Under contract to MGM, Russell debuted in Evelyn Prentice (1934). Although the role was small, she received good notices, with one critic saying that she was "convincing as the woman scorned". She starred in many comedies such as Forsaking All Others (1934) and Four's a Crowd (1938), as well as dramas, including Craig's Wife (1936) (the second of three film adaptations of the play of the same name; Joan Crawford starred in the third) and The Citadel (1938). Russell was acclaimed when she co-starred with Robert Young in the MGM drama West Point of the Air (1935). One critic wrote: "Rosalind Russell as the 'other woman' in the story gives an intelligent and deft handling to her scenes with Young." She quickly rose to fame, and by 1935, was seen as a replacement for actress Myrna Loy, as she took many roles for which Loy was initially set.
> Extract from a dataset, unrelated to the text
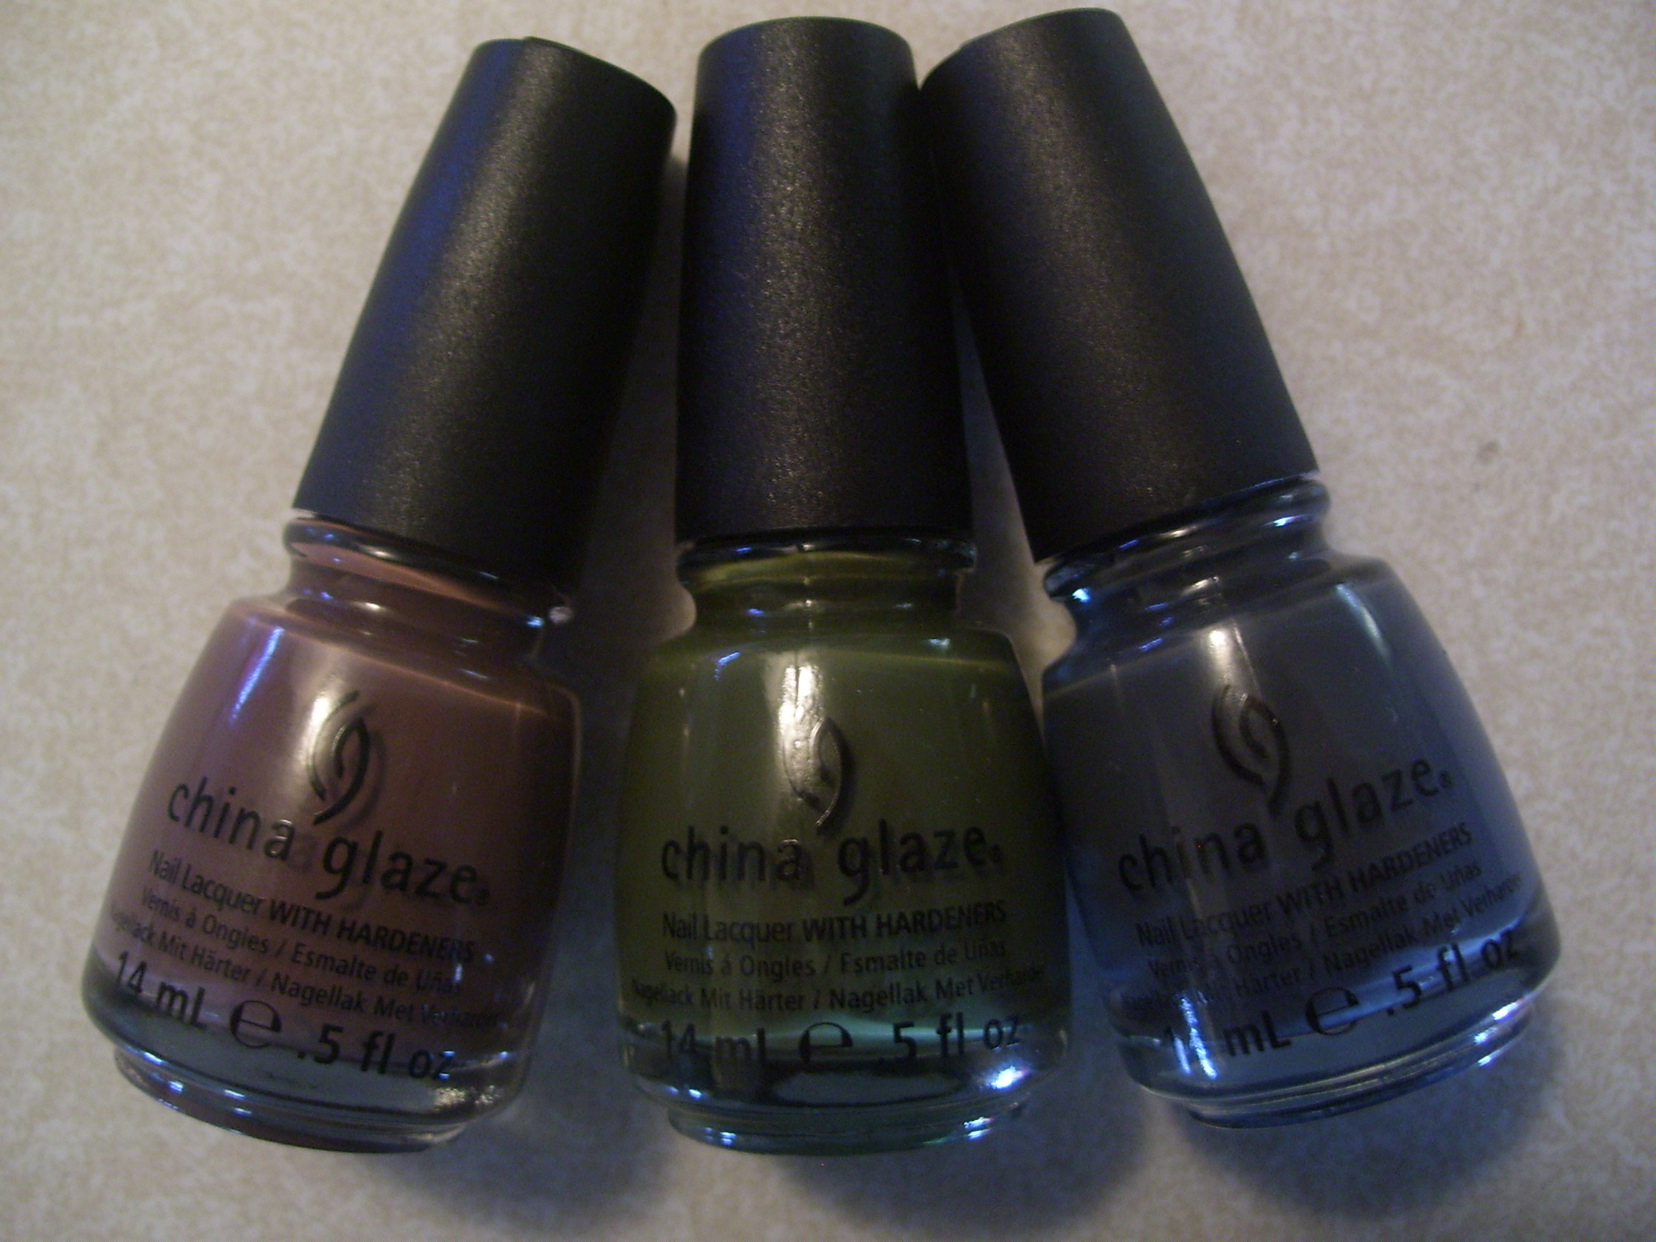 Coming Soon! Swatches of China Glaze Metro Collection

In her first years in Hollywood, Russell was characterized in both her personal life and her film career as a sophisticated "lady". This dissatisfied Russell, who said in a 1936 interview:

Being typed as a lady is the greatest misfortune possible to a motion picture actress. It limits your characterizations, confines you to play feminine sops and menaces and the public never highly approves of either. An impeccably dressed lady is always viewed with suspicion in real life and when you strut onto the screen with beautiful clothes and charming manners, the most naive of theatergoers senses immediately that you are in a position to do the hero no good. I earnestly want to get away from this. First, because I want to improve my career and professional life and, secondly because I am tired of being a clothes horse – a sort of hothouse orchid in a stand of wild flowers.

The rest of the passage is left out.